通過rpn網絡得到的anchor，選擇出來正負樣本，並計算出正樣本和真實框的差距，以及要預測的mask的值，這些都是在後面的網絡中計算損失函數需要的真實值。
1.6--Feature Pyramid Network Heads(fpn_classifier_graph)該網絡是maskrcnn的最後一層，與之並行的還有一個mask分支，在這裡先介紹一下這個分類網絡。
由1.5得到的roi的大小並不一樣，因此，需要一個網絡類似於fasterrcnn中的roipooling，將rois轉換成大小一樣的特徵圖。maskrcnn中使用的是PyramidROIAlign。PyramidROIAlign首先根據下面的公司計算每一個roi來自於金字塔特徵的P2到P5的哪一層的特徵：
# Assign each ROI to a level in the pyramid based on the ROI area.
        y1, x1, y2, x2 = tf.split(boxes, 4, axis=2)
        h = y2 - y1
        w = x2 - x1
        # Use shape of first image. Images in a batch must have the same size.
        image_shape = parse_image_meta_graph(image_meta)['image_shape'][0]
        # Equation 1 in the Feature Pyramid Networks paper. Account for
        # the fact that our coordinates are normalized here.
        # e.g. a 224x224 ROI (in pixels) maps to P4
        #計算每個roi映射到哪一層的金字塔特徵的輸出上
        image_area = tf.cast(image_shape[0] * image_shape[1], tf.float32)
        roi_level = log2_graph(tf.sqrt(h * w) / (224.0 / tf.sqrt(image_area)))
        roi_level = tf.minimum(5, tf.maximum(
            2, 4 + tf.cast(tf.round(roi_level), tf.int32)))
        roi_level = tf.squeeze(roi_level, 2)
然後從對應的特徵圖中取出坐標對應的區域，利用雙線性插值的方式進行pooling操作。

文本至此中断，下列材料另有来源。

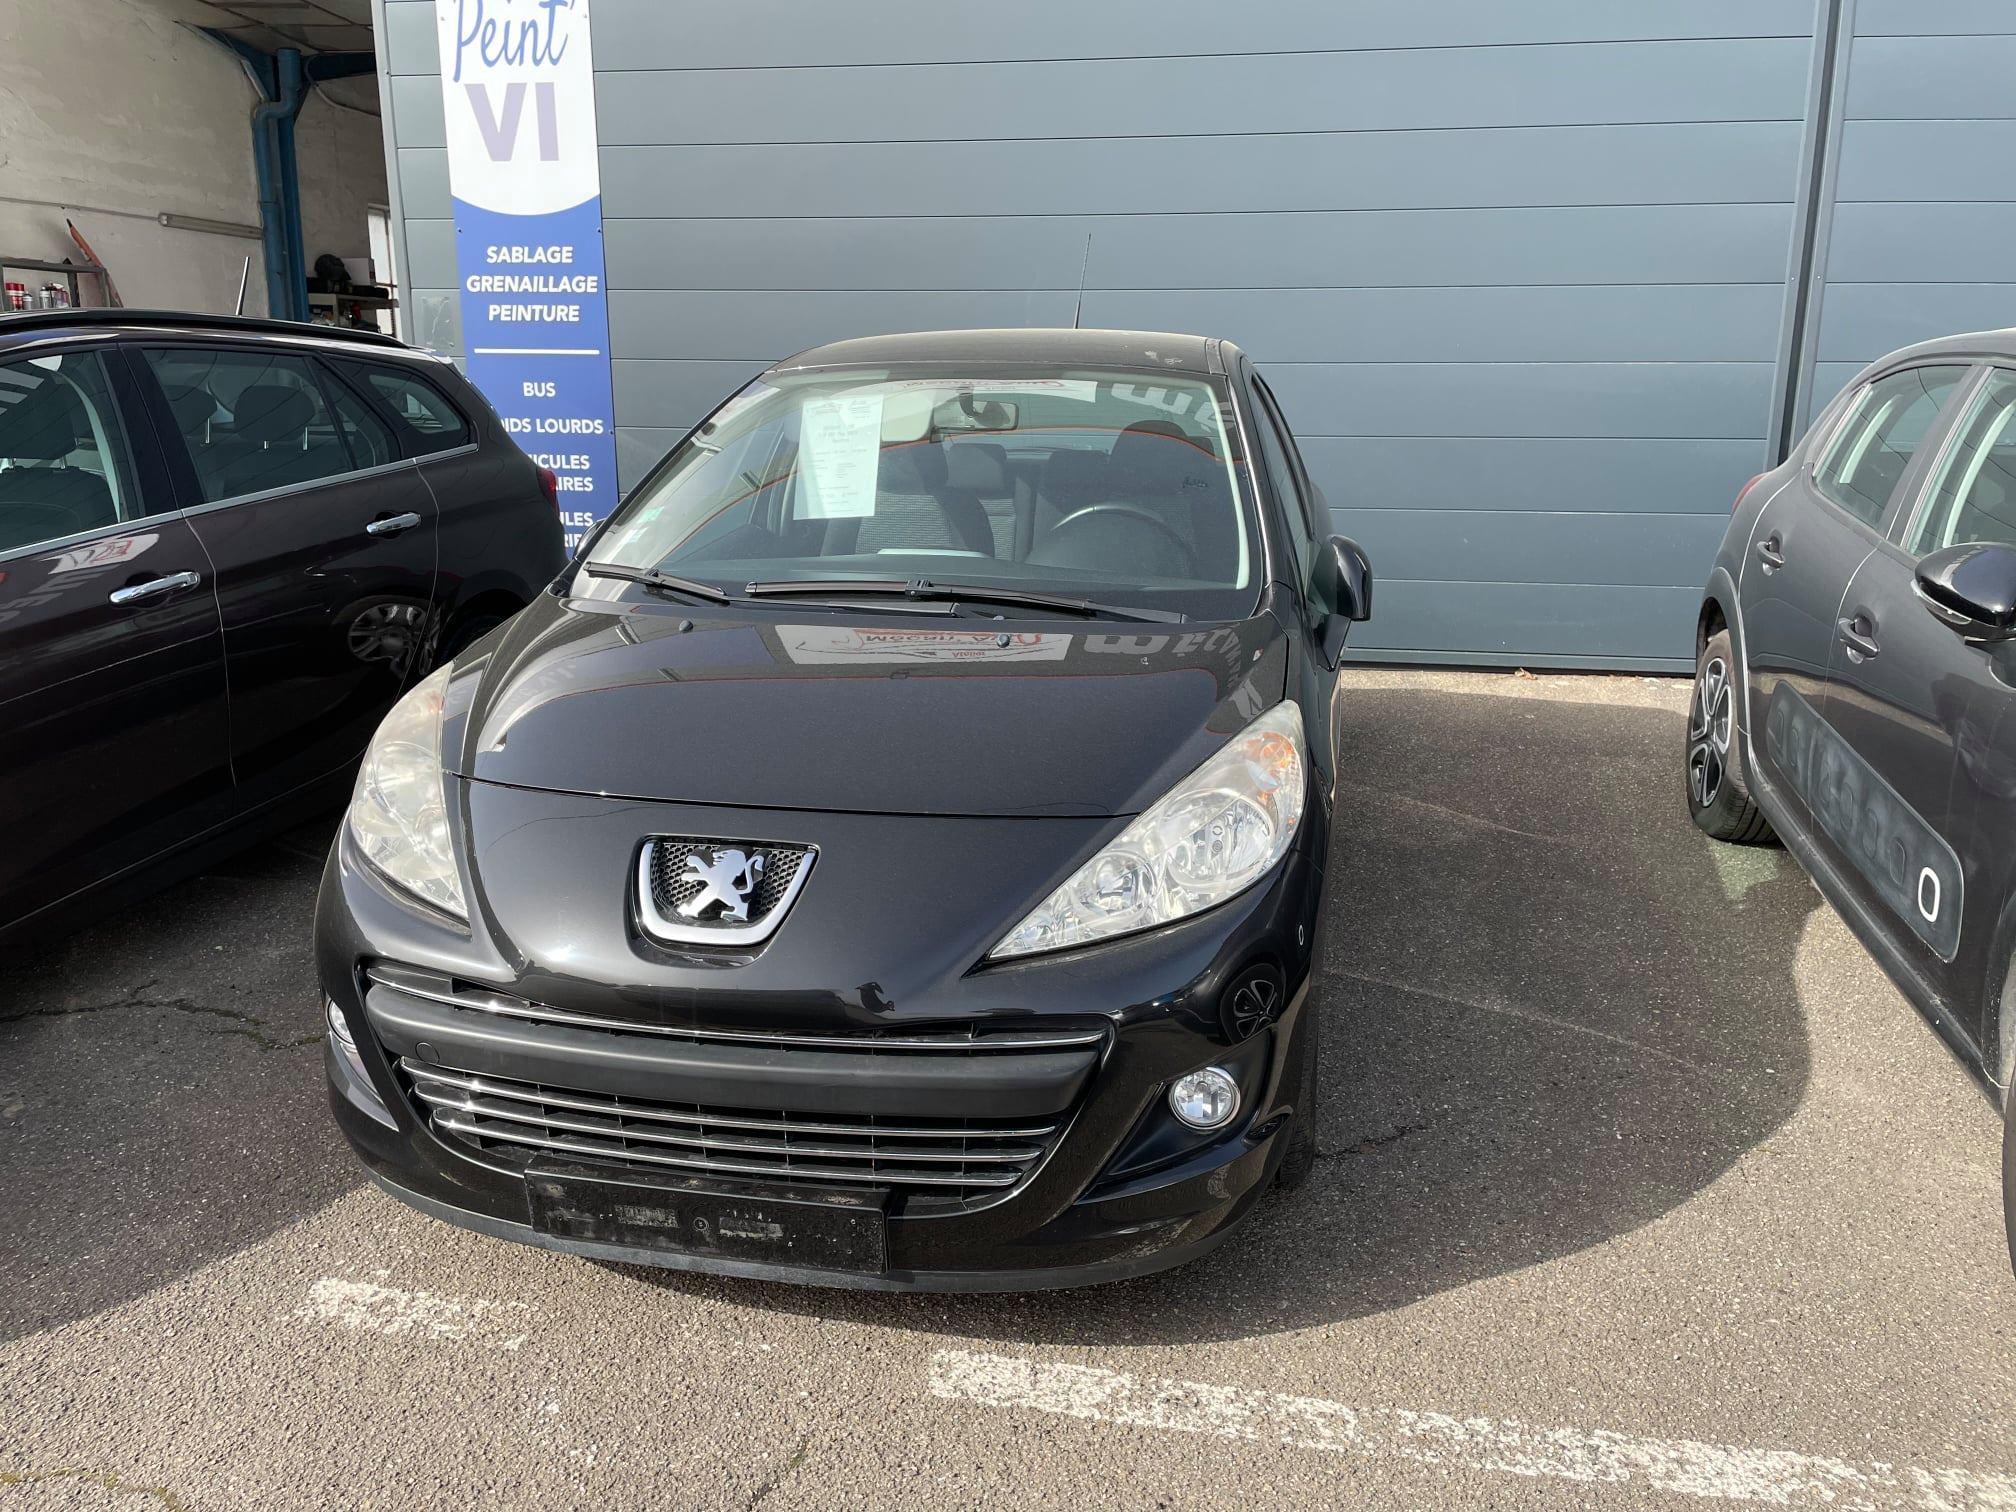 Peugeot 207 1.6 HDI Fap 90cv 5p
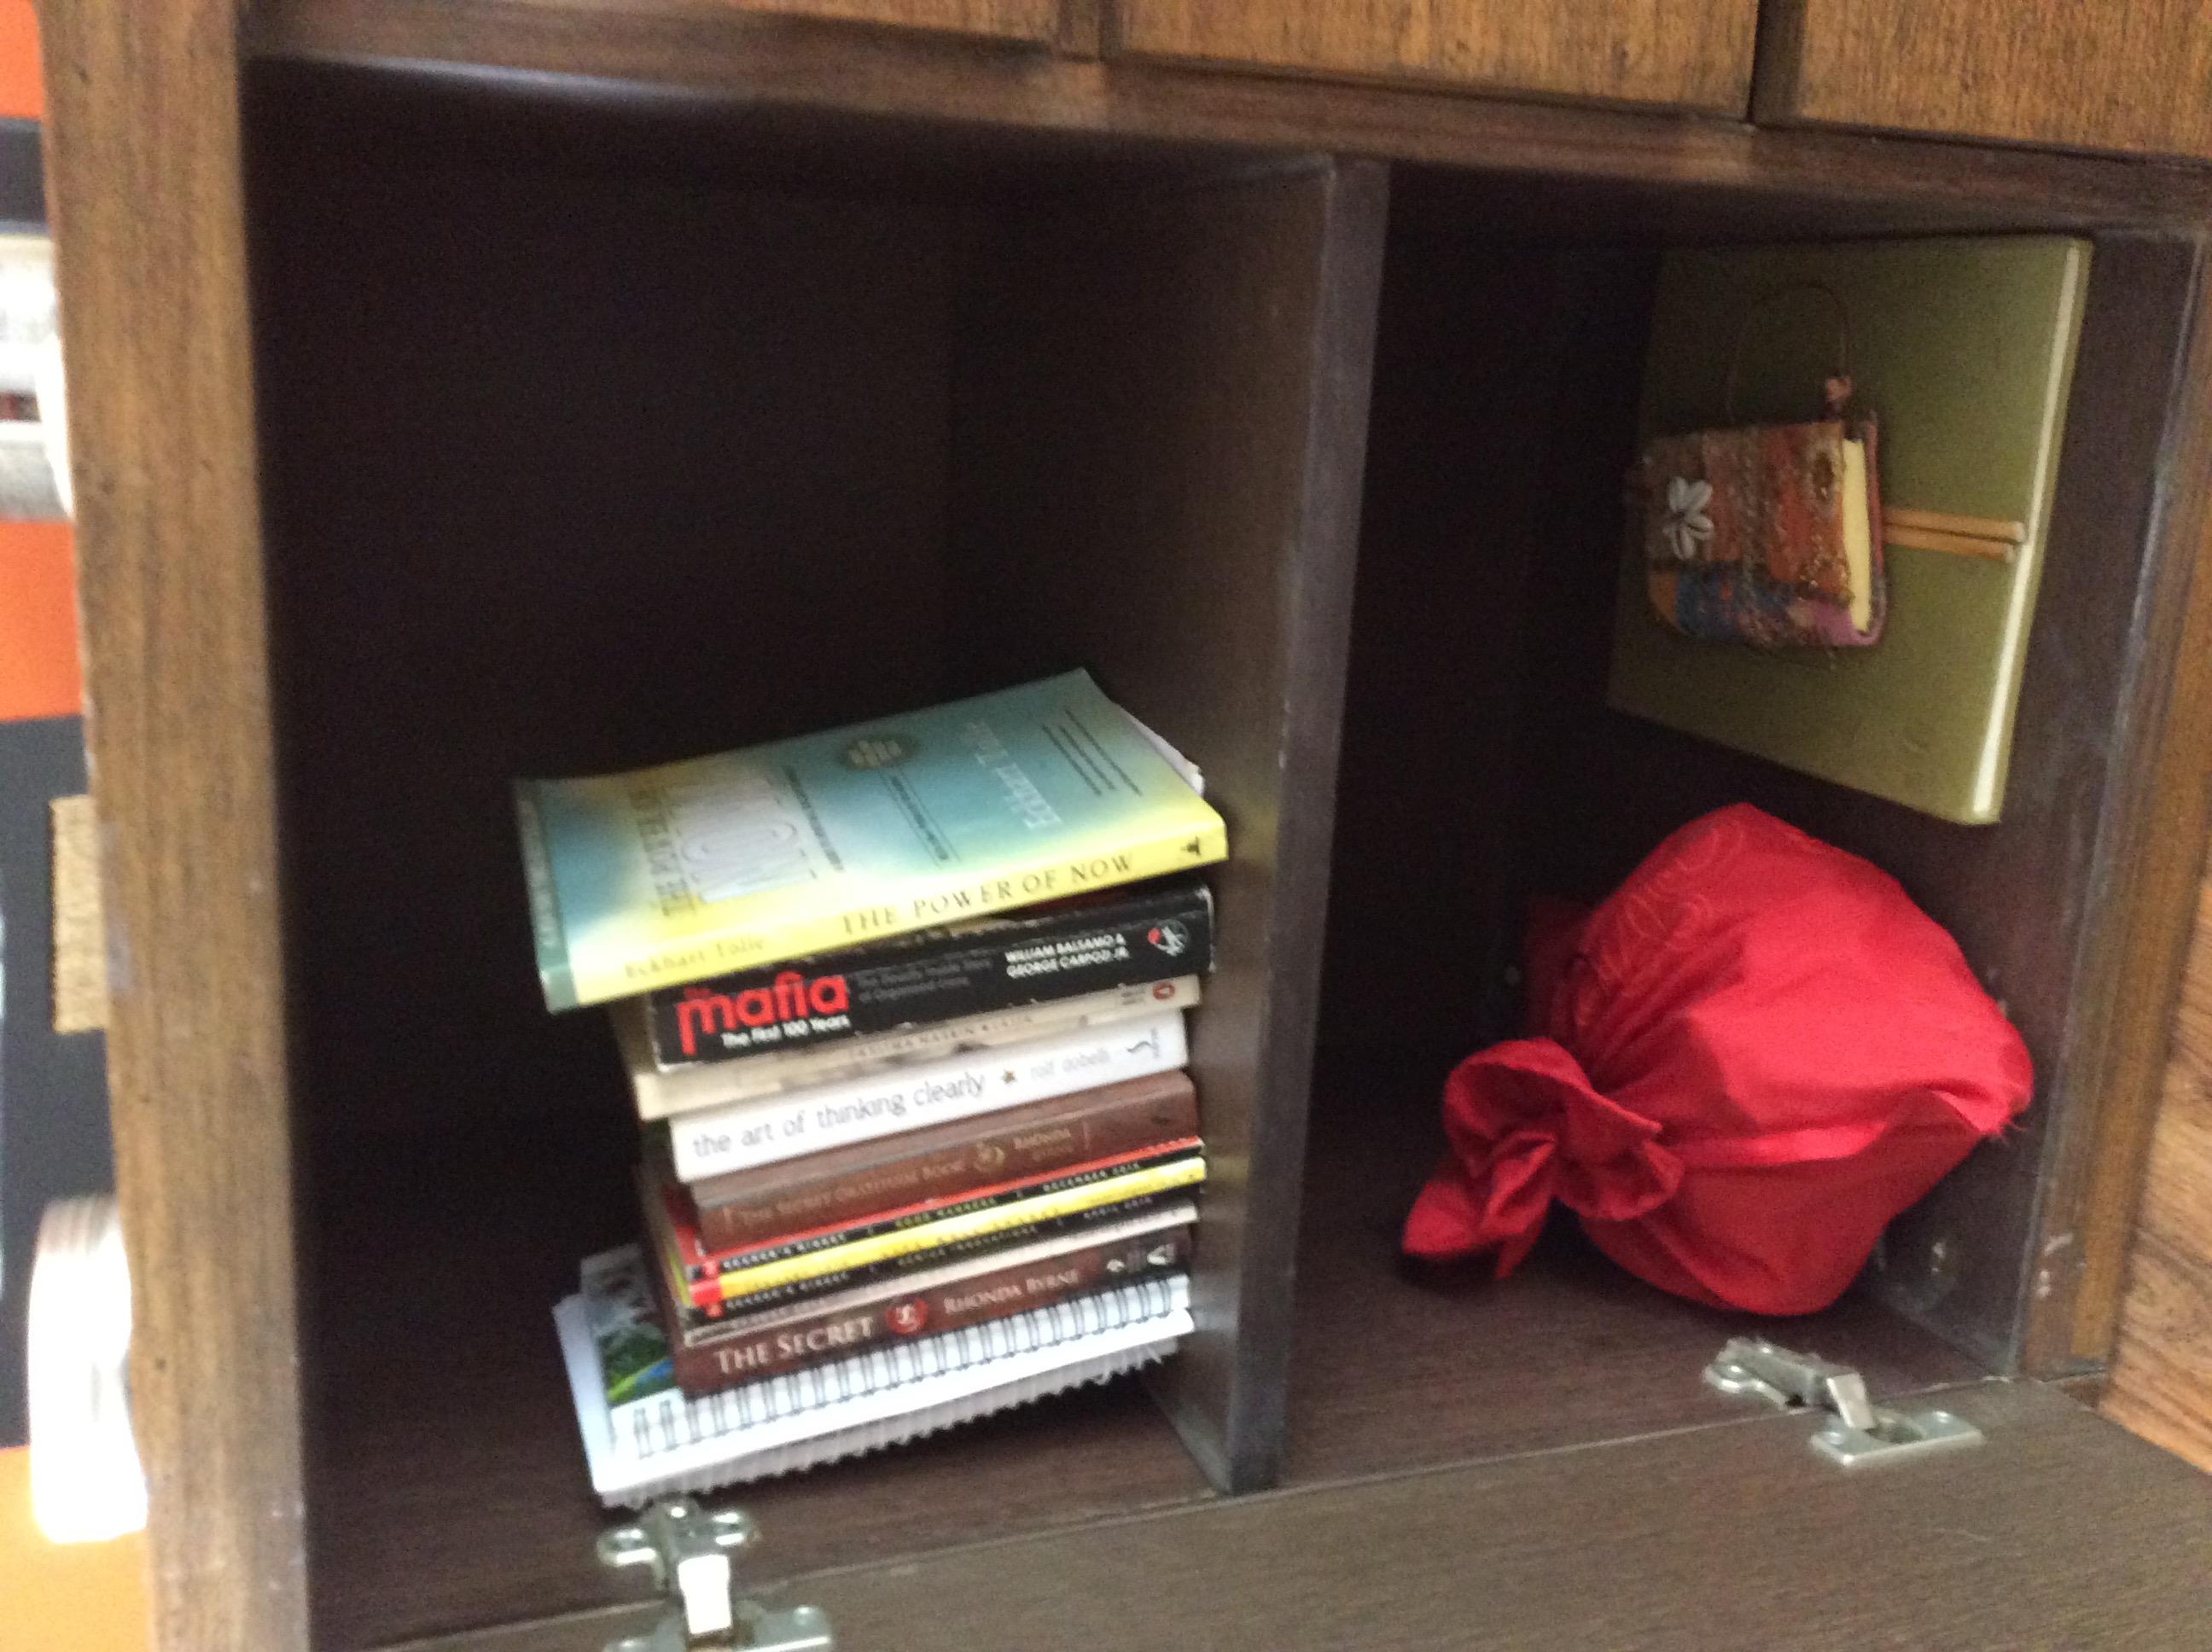 Shelf- in order

PyramidROIAlign會返回resize成相同大小的rois。
將得到的特徵塊輸入到fpn_classifier_graph網絡中，得到分類和回歸值。
下面是fpn_classifier_graph網絡的定義，
def fpn_classifier_graph(rois, feature_maps, image_meta,
                         pool_size, num_classes, train_bn=True,
                         fc_layers_size=1024):
    """Builds the computation graph of the feature pyramid network classifier
    and regressor heads.

    rois: [batch, num_rois, (y1, x1, y2, x2)] Proposal boxes in normalized
          coordinates.
    feature_maps: List of feature maps from different layers of the pyramid,
                  [P2, P3, P4, P5]. Each has a different resolution.
    - image_meta: [batch, (meta data)] Image details. See compose_image_meta()
    pool_size: The width of the square feature map generated from ROI Pooling.
    num_classes: number of classes, which determines the depth of the results
    train_bn: Boolean. Train or freeze Batch Norm layers
    fc_layers_size: Size of the 2 FC layers

    Returns:
        logits: [N, NUM_CLASSES] classifier logits (before softmax)
        probs: [N, NUM_CLASSES] classifier probabilities
        bbox_deltas: [N, (dy, dx, log(dh), log(dw))] Deltas to apply to
                     proposal boxes
    """
    # ROI Pooling
    # Shape: [batch, num_boxes, pool_height, pool_width, channels]
    x = PyramidROIAlign([pool_size, pool_size],
                        name="roi_align_classifier")([rois, image_meta] + feature_maps)
    # Two 1024 FC layers (implemented with Conv2D for consistency)
    x = KL.TimeDistributed(KL.Conv2D(fc_layers_size, (pool_size, pool_size), padding="valid"),
                           name="mrcnn_class_conv1")(x)
    x = KL.TimeDistributed(BatchNorm(), name='mrcnn_class_bn1')(x, training=train_bn)
    x = KL.Activation('relu')(x)
    x = KL.TimeDistributed(KL.Conv2D(fc_layers_size, (1, 1)),
                           name="mrcnn_class_conv2")(x)
    x = KL.TimeDistributed(BatchNorm(), name='mrcnn_class_bn2')(x, training=train_bn)
    x = KL.Activation('relu')(x)

    shared = KL.Lambda(lambda x: K.squeeze(K.squeeze(x, 3), 2),
                       name="pool_squeeze")(x)

    # Classifier head
    mrcnn_class_logits = KL.TimeDistributed(KL.Dense(num_classes),
                                            name='mrcnn_class_logits')(shared)
    mrcnn_probs = KL.TimeDistributed(KL.Activation("softmax"),
                                     name="mrcnn_class")(mrcnn_class_logits)

    # BBox head
    # [batch, boxes, num_classes * (dy, dx, log(dh), log(dw))]
    x = KL.TimeDistributed(KL.Dense(num_classes * 4, activation='linear'),
                           name='mrcnn_bbox_fc')(shared)
    # Reshape to [batch, boxes, num_classes, (dy, dx, log(dh), log(dw))]
    s = K.int_shape(x)
    mrcnn_bbox = KL.Reshape((s[1], num_classes, 4), name="mrcnn_bbox")(x)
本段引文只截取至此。